Lo studioso si spinge sino alla spedizione della Duchessa di Berry, Maria Carolina di Borbone (1798-1870), che nel 1832 cercò l’appoggio dei vandeani a favore di suo figlio Enrico V (1820-1883), Conte di Chambord, contro l’usurpatore Luigi Filippo di Borbone-Orléans (1773-1850). Un nuovo tentativo di rivolta che però non ebbe il successo sperato e si concluse con una sconfitta.
Frutto del lavoro di un simbolista di primo livello, Simboli della Vandea costituisce un valido strumento interpretativo da affiancare a una storia completa dell’insorgenza francese.
Riccardo Pasqualin
[1] Riguardo la figura di questo polemista reazionario chi scrive si permette di rimandare a R. PASQUALIN, Il Leone di Lonato Saggi su Vittorio Barzoni (1767-1843), Il Torchio, Padova 2019 (di cui prossimamente è prevista una seconda edizione).
[2] VITTORIO BARZONI, Memorabili avvenimenti successi sotto i tristi auspicj della repubblica francese, edizione prima, Andreola, Venezia 1799, p. 88.
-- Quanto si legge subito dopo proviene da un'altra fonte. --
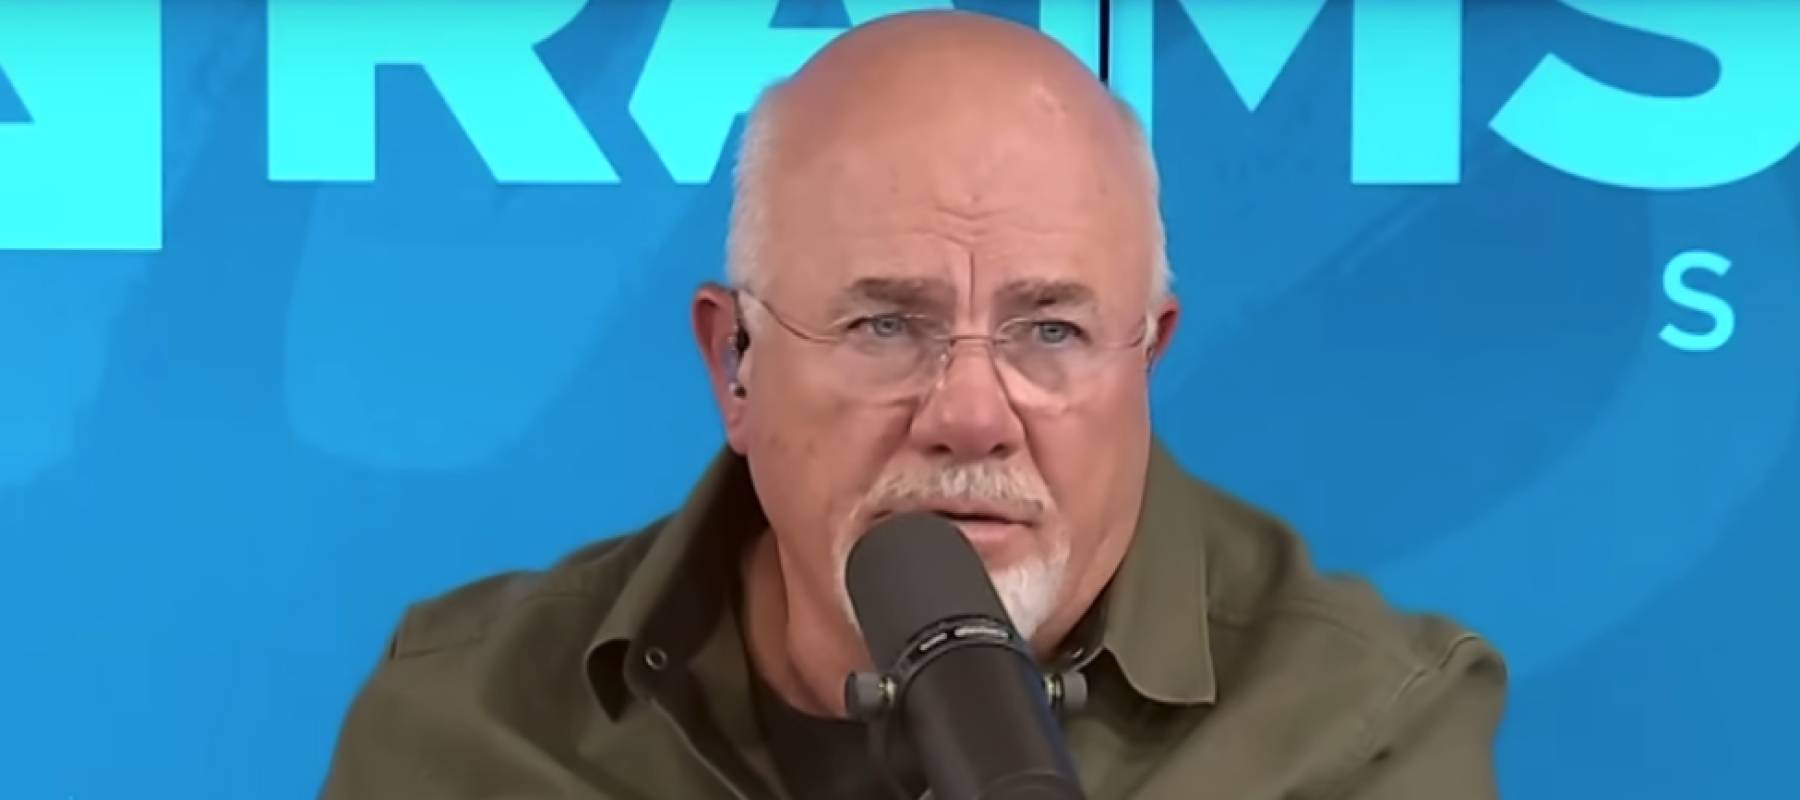 Dave Ramsey makes a dramatic face while speaking into microphone on set of his podcast.
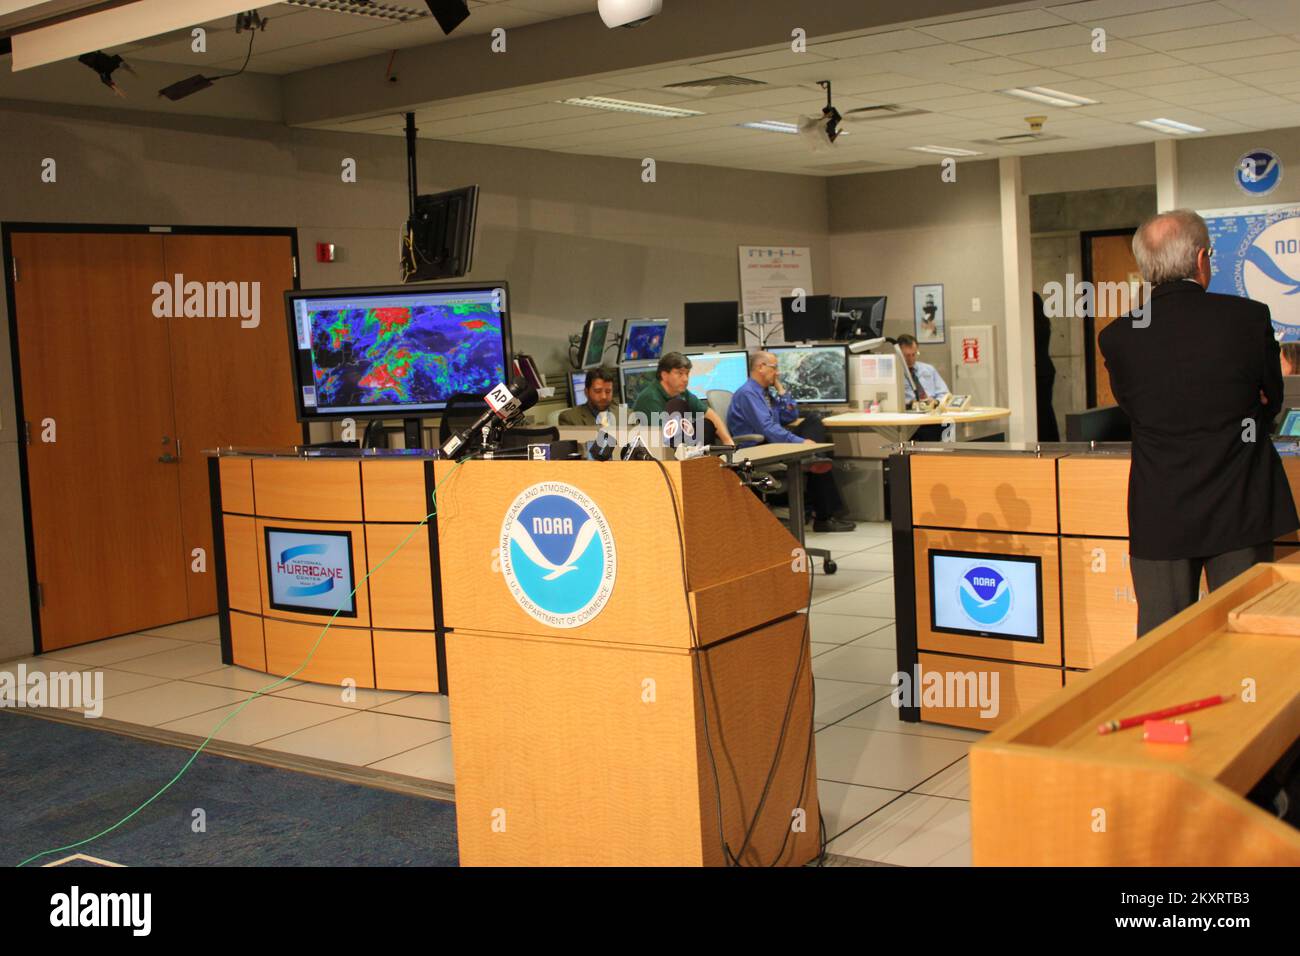 Orlando, Fla. , June 1, 2012   Photo of the speakers podium at a press conference during the National Hurricane Conference.. Photographs Relating to Disasters and Emergency Management Programs, Activities, and Officials Stock Photo

[3] Così si usava scrivere all’epoca, si veda ad esempio la traduzione italiana del libro di Walter Scott (1771-1832) Quadro della rivoluzione francese, pubblicata nel 1827.
[4] Si veda soprattutto il suo Trattato della vera devozione alla Santa Vergine, che però fu pubblicato solo nel 1843: «Maria è il mezzo più sicuro, più facile, più breve e più perfetto per andare a Gesù Cristo, e si offriranno a lei anima e corpo, senza nessuna riserva, per appartenere nello stesso modo a Gesù Cristo.
Ma chi saranno questi servi, schiavi e figli di Maria? Saranno fuoco ardente, ministri del Signore, che metteranno dappertutto il fuoco del divino amore, saranno frecce acute nella mano potente di Maria per trafiggere i suoi nemici come frecce in mano a un eroe».
[5] LUIGI MARIA GRIGNION DE MONTFORT, Trattato della vera devozione alla Santa Vergine.
[6] Questo era il titolo che si erano attribuiti i rivoluzionari.
[7] LOUIS CHARBONNEAU-LASSAY, Simboli della Vandea Emblemi ed insegne dell’armata controrivoluzionaria, Il Cerchio, Rimini 2020, pp. 16-17.
[8] L. CHARBONNEAU-LASSAY, op. cit., p. 18.
[9] In origine lo scapolare era la sopravveste da lavoro utilizzata dai monaci benedettini per non consumare l’abito monastico. Successivamente il termine è andato a indicare la lunga striscia di stoffa rettangolare, pendente sul petto e sulla schiena (e talvolta munita di un cappuccio), indossata dai religiosi di alcuni ordini monastici.
[10] L. CHARBONNEAU-LASSAY, op. cit., p. 64.